Much to everyone’s surprise, the stock market, as measured by the S&P 500 has reached a new all-time high in 9 out of the first 11 trading days of 2018. The current level of market volatility, as measured by the CBOE Market Volatility Index called the VIX, has recently bounced off historic lows. It closed today at 11.53 after falling to just 8.92 on January 4th. Volatility has been increasing along with the market so far this year. For reference, the VIX at the beginning of 2007 was 10.02, which was at the time a new low.

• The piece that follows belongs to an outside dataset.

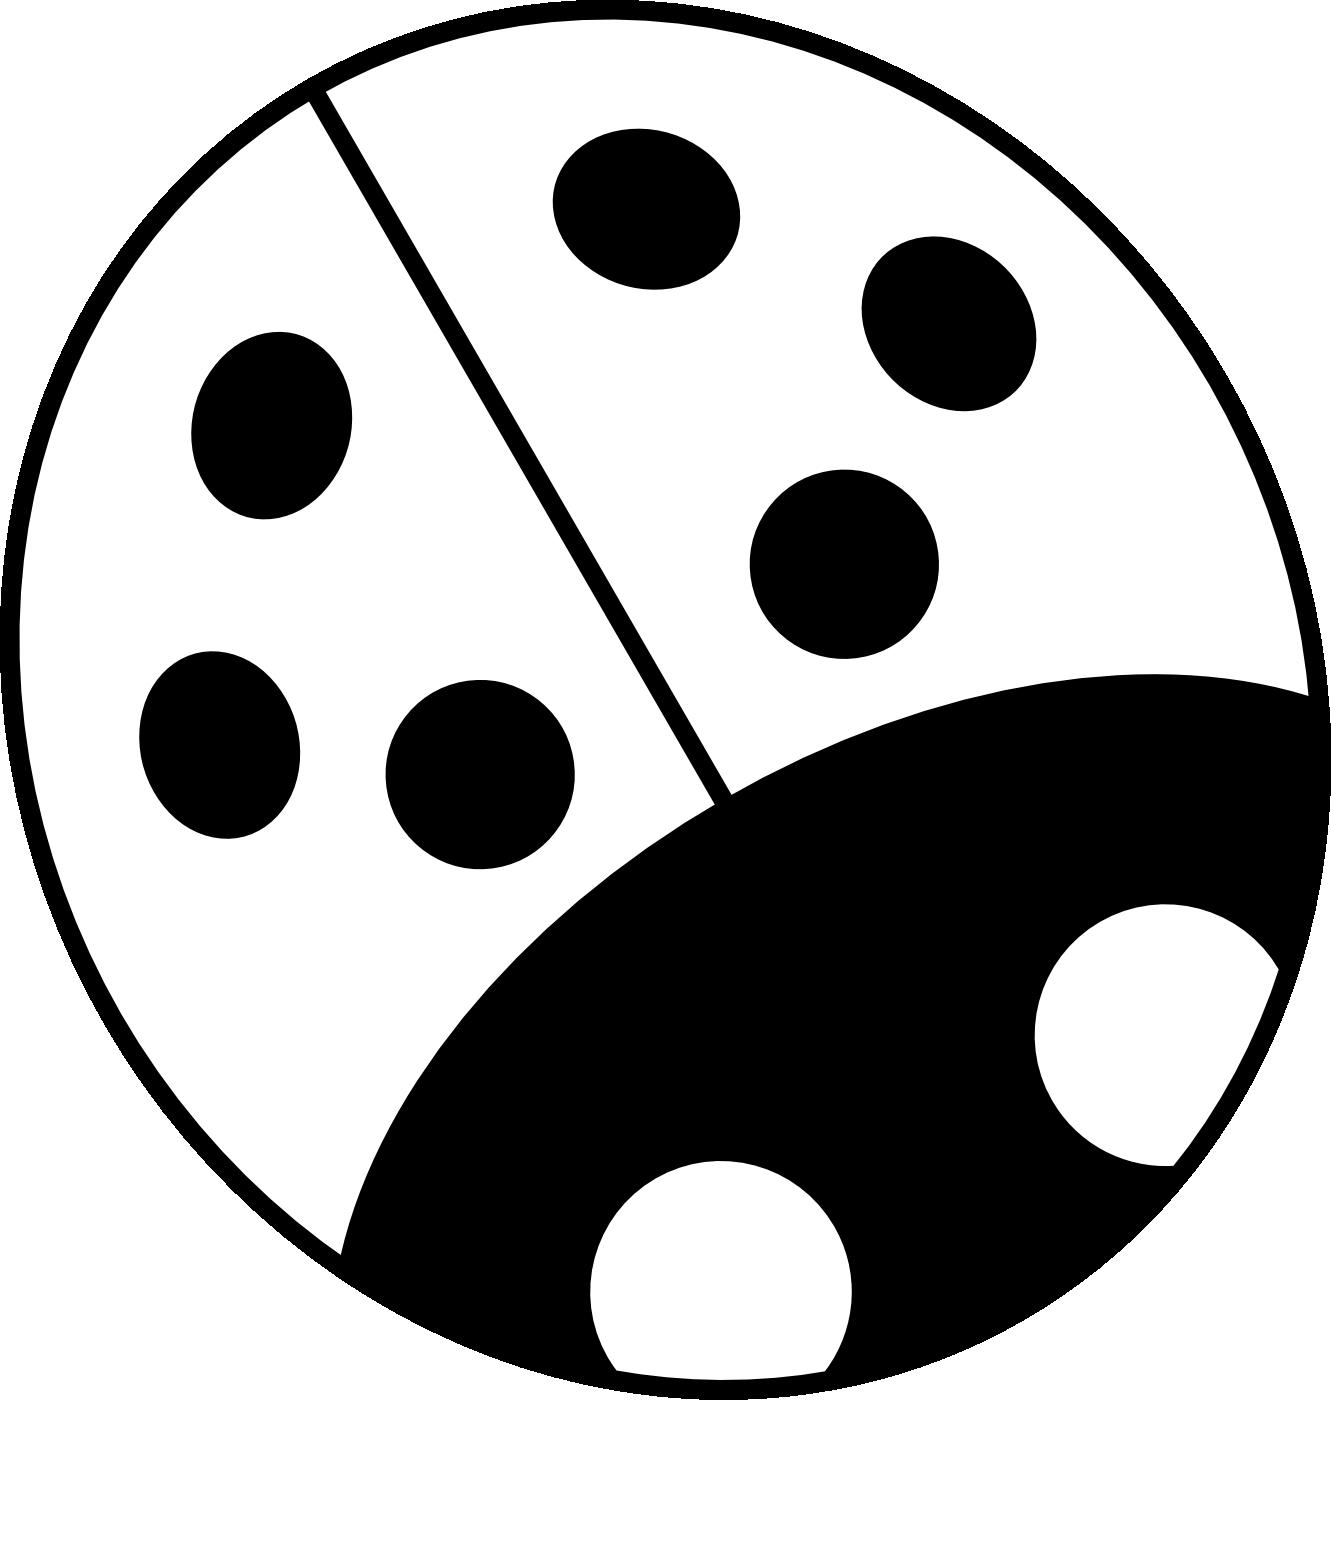 Clip art flower black and white clipart panda free clipart images ladybug20on20blue20flower mightylinksfo

Equity strategist Barry Bannister at Stifel recently said, “We believe yields are the main event for stocks in 2018, not tax-fueled earnings per share.” The Federal Reserve Open Market Committee (FOMC) is most likely going to raise the fed funds target rate at least twice during 2018, which would take it to 2% from the current level of 1.5%. Because central banks around the world are not yet ready to increase their short term rates due to a lack of inflation, it is more likely that the yield on the 10-year US Treasury bond will remain relatively stable around its current level of 2.57%.
The spread, or difference, between the fed funds target rate and the 10-year Treasury yield has proven to be a good indicator of future economic conditions. In fact, of the ten components of the index of Leading Economic Indicators, the narrowing of the fed funds/10-year spread is the “leading” leading indicator. When the yield curve inverts, meaning that short term rates are higher than long term rates, the economy has gone into a recession within 12 months 7 out of the last 7 times. Currently, the spread is about 1% between fed funds and the 10-year Treasury. Even if the FOMC raises rates two times in the first half of 2018, that would only narrow the spread to 0.5% or 50 basis points assuming the 10-year stays relatively constant.
Yes, the stock market is at all-time highs. However, other indicators like the yield curve, unemployment, wage growth, industrial production, personal spending, inflation and corporate earnings are not exactly at “excessive” levels. Therefore, we think any correction in stock prices will be short-lived at this point. It is likely though that 2018 will be a transition year for the economy. Hang on!